From the Diary of a Wimpy Kid series , Vol. 14

Readers can still rely on this series to bring laughs.

The Heffley family’s house undergoes a disastrous attempt at home improvement.

When Great Aunt Reba dies, she leaves some money to the family. Greg’s mom calls a family meeting to determine what to do with their share, proposing home improvements and then overruling the family’s cartoonish wish lists and instead pushing for an addition to the kitchen. Before bringing in the construction crew, the Heffleys attempt to do minor maintenance and repairs themselves—during which Greg fails at the work in various slapstick scenes. Once the professionals are brought in, the problems keep getting worse: angry neighbors, terrifying problems in walls, and—most serious—civil permitting issues that put the kibosh on what work’s been done. Left with only enough inheritance to patch and repair the exterior of the house—and with the school’s dismal standardized test scores as a final straw—Greg’s mom steers the family toward moving, opening up house-hunting and house-selling storylines (and devastating loyal Rowley, who doesn’t want to lose his best friend).

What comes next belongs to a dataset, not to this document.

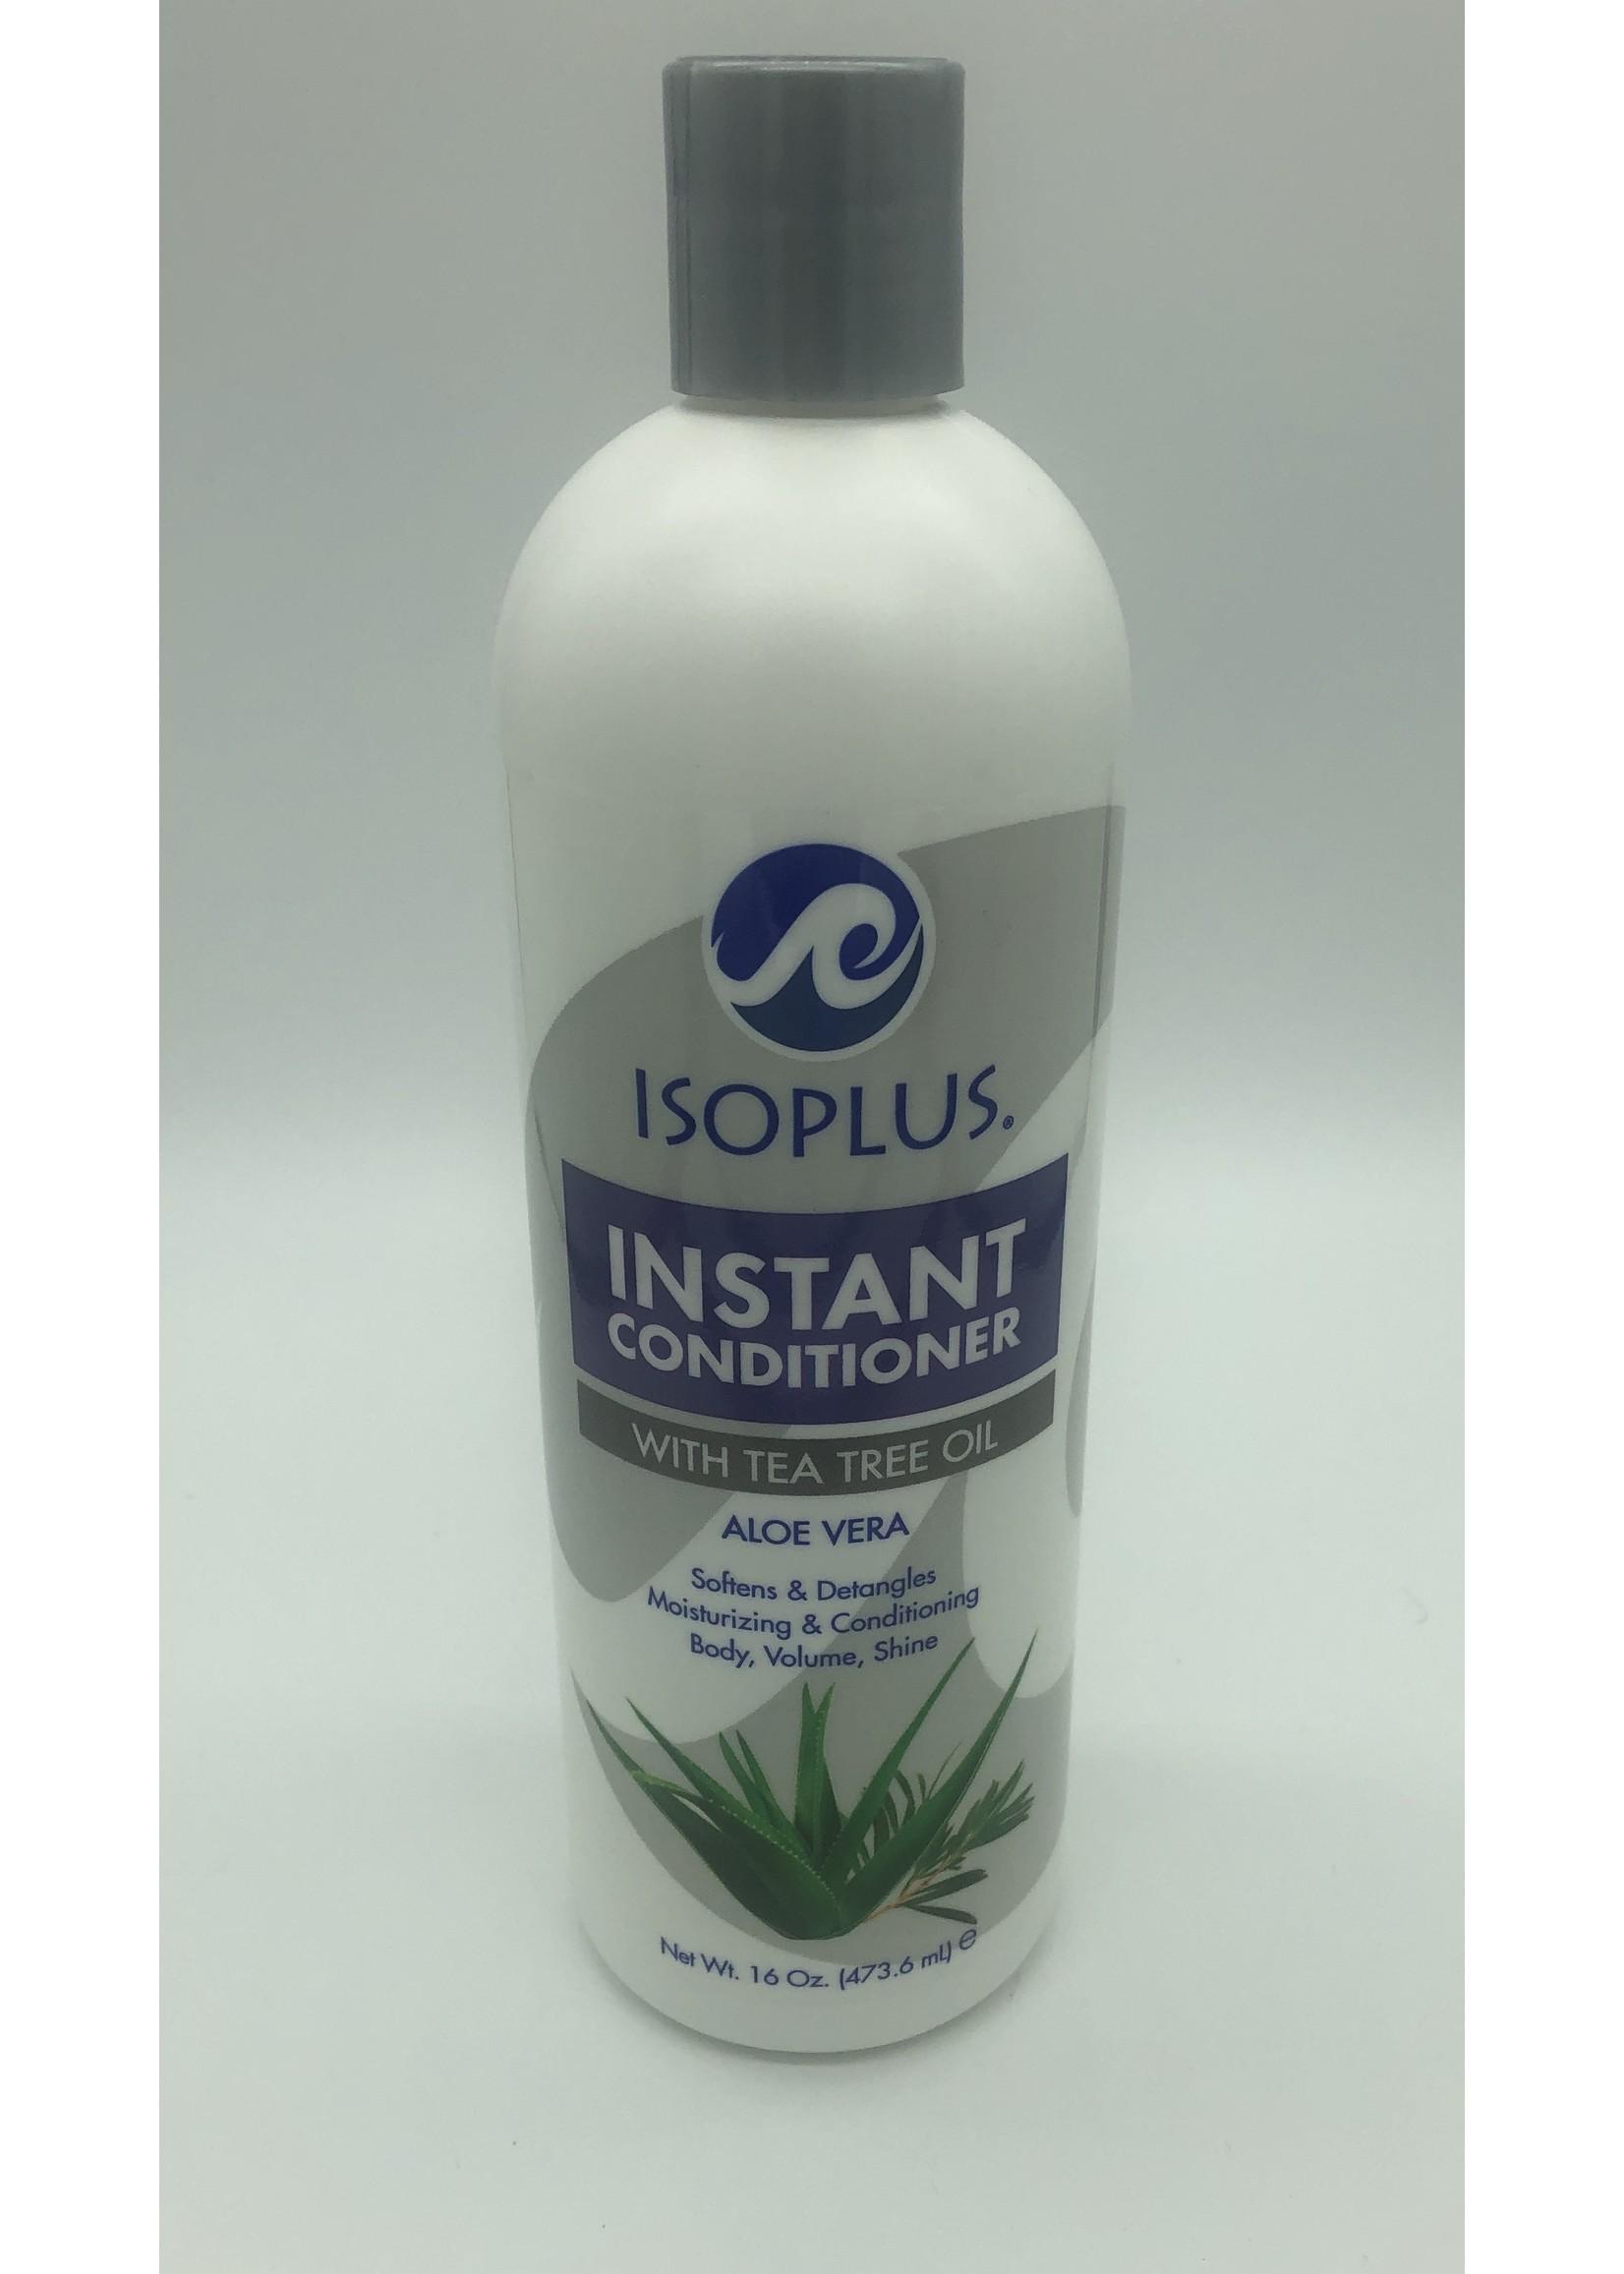 Isoplus Instant Conditioner 16.oz

While Greg’s positive about the move, he’s not completely uncaring about Rowley’s action. (And of course, Greg himself is not as unaffected as he wishes.) The gags include effectively placed callbacks to seemingly incidental events (the “stress lizard” brought in on testing day is particularly funny) and a lampoon of after-school-special–style problem books. Just when it seems that the Heffleys really will move, a new sequence of chaotic trouble and property destruction heralds a return to the status quo. Whew.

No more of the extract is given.